Stena Hollandica, launched in January 2010, is the first of two identical Ropax ferries built by Wadan Yards in Warnemünde and nearby Wismar, Germany for Stena Line. The second of the two ships, launched towards the end of 2010, is Stena Britannica. Both ships operate (2012) across the southern North Sea between Harwich and Hook of Holland providing a twice daily service (taking seven hours) from each side. The ships were specifically designed for this route.

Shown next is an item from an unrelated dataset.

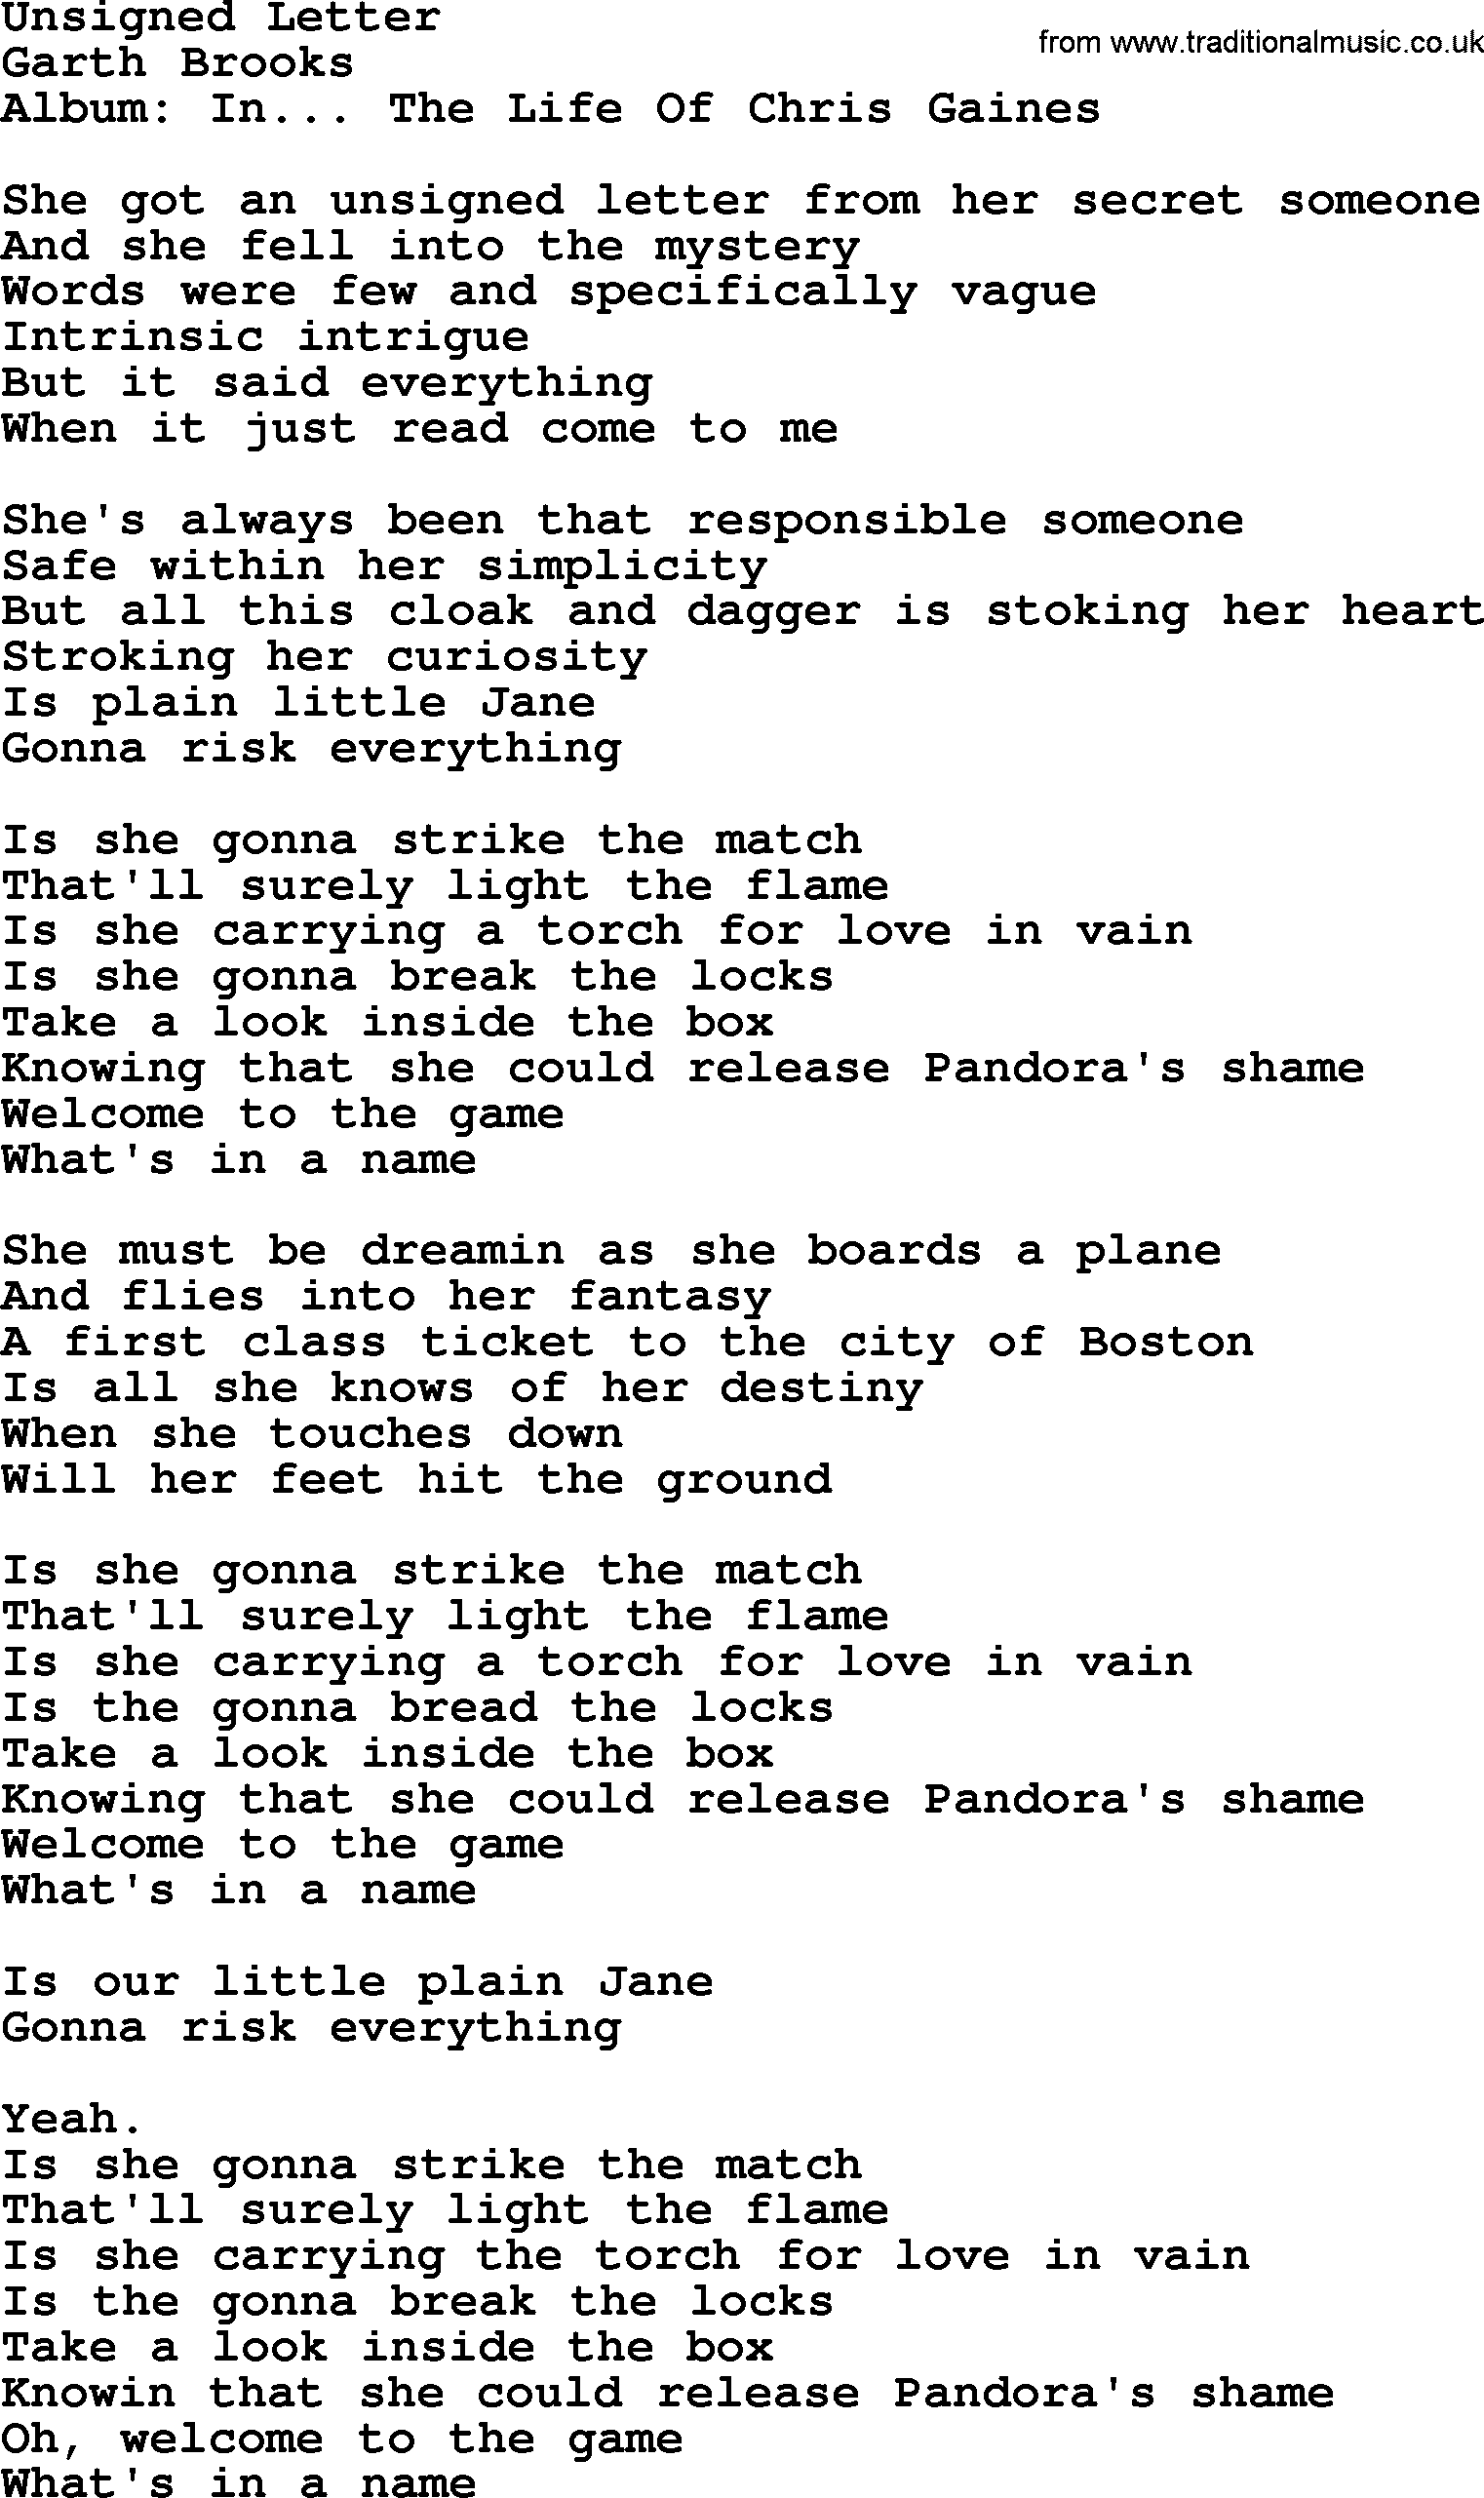 Garth Brooks song: Unsigned Letter, lyrics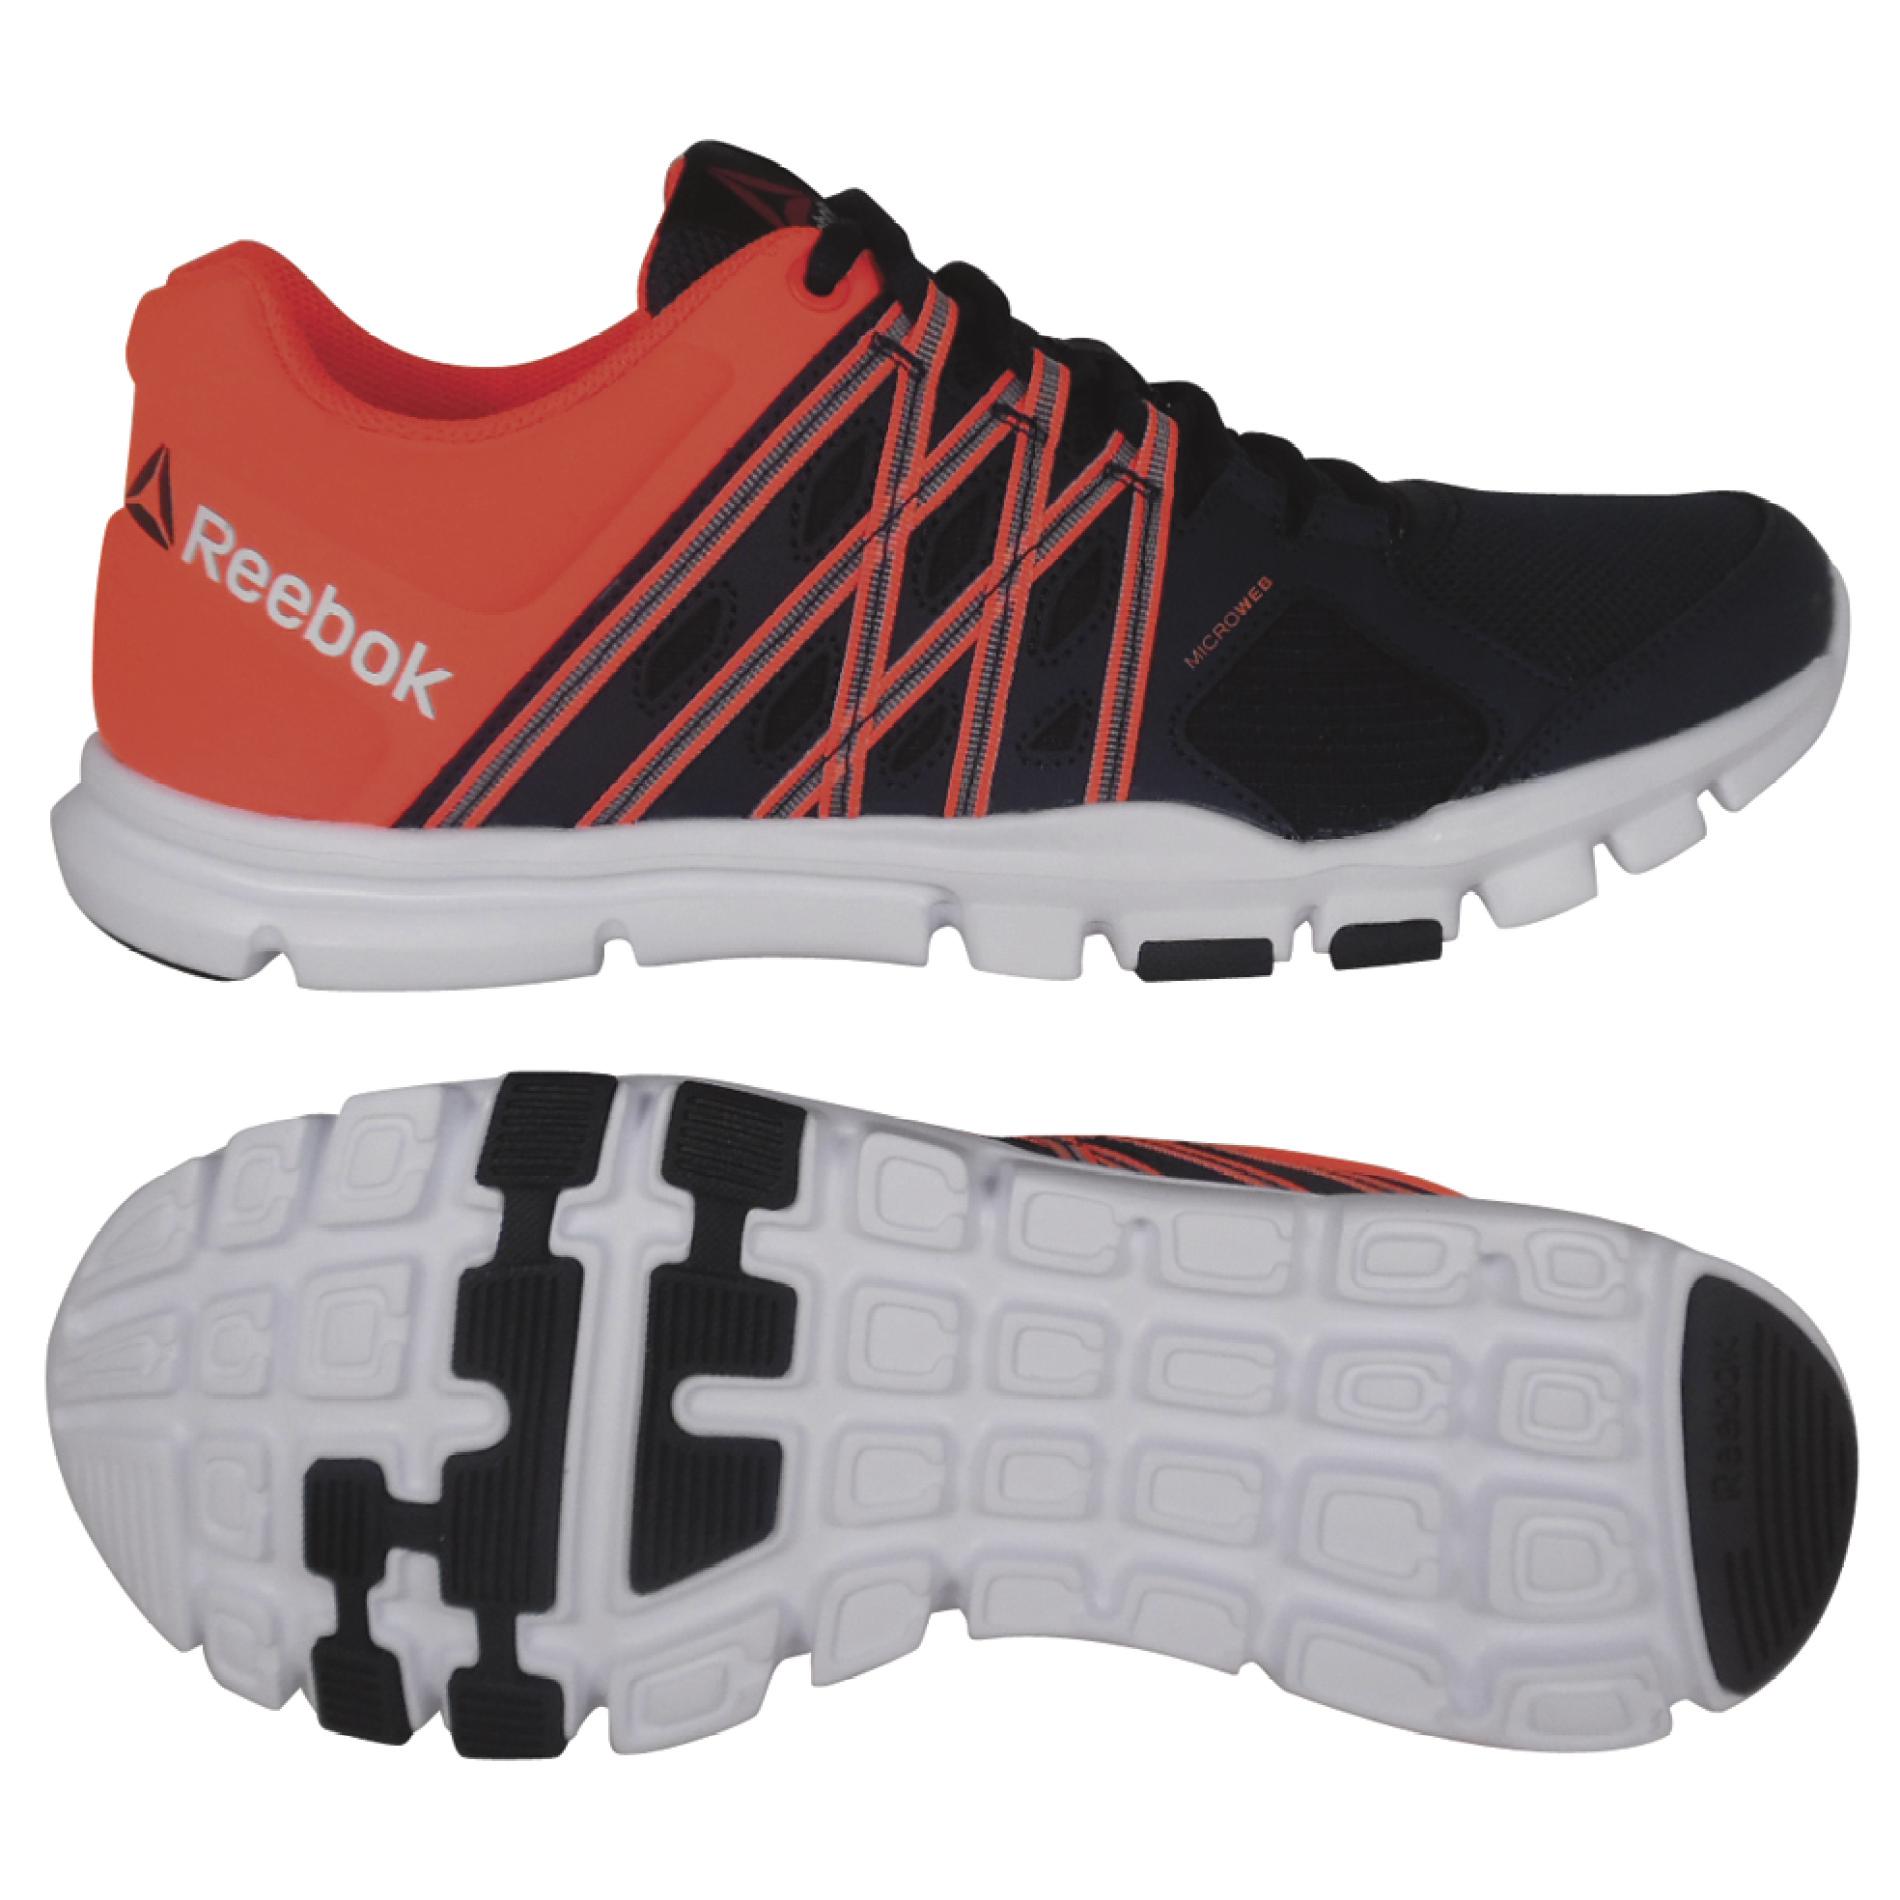 Reebok Men's FlexTrain Athletic Shoe - Red/Black

Power and its transmission
Stena Hollandica has four main MAN diesel engines, producing between them 33,600 kW, and providing for a maximum speed of 22 knots (25 mph). Two of the engines are rated at 9,600 kW and the other two at 7,200 kW. The engines are connected via two gearboxes to two controllable pitch propellers. The two rudders, one behind each propeller, are of the Becker flap type with twisted leading edges. Control of the bow while docking is by two tunnel thrusters.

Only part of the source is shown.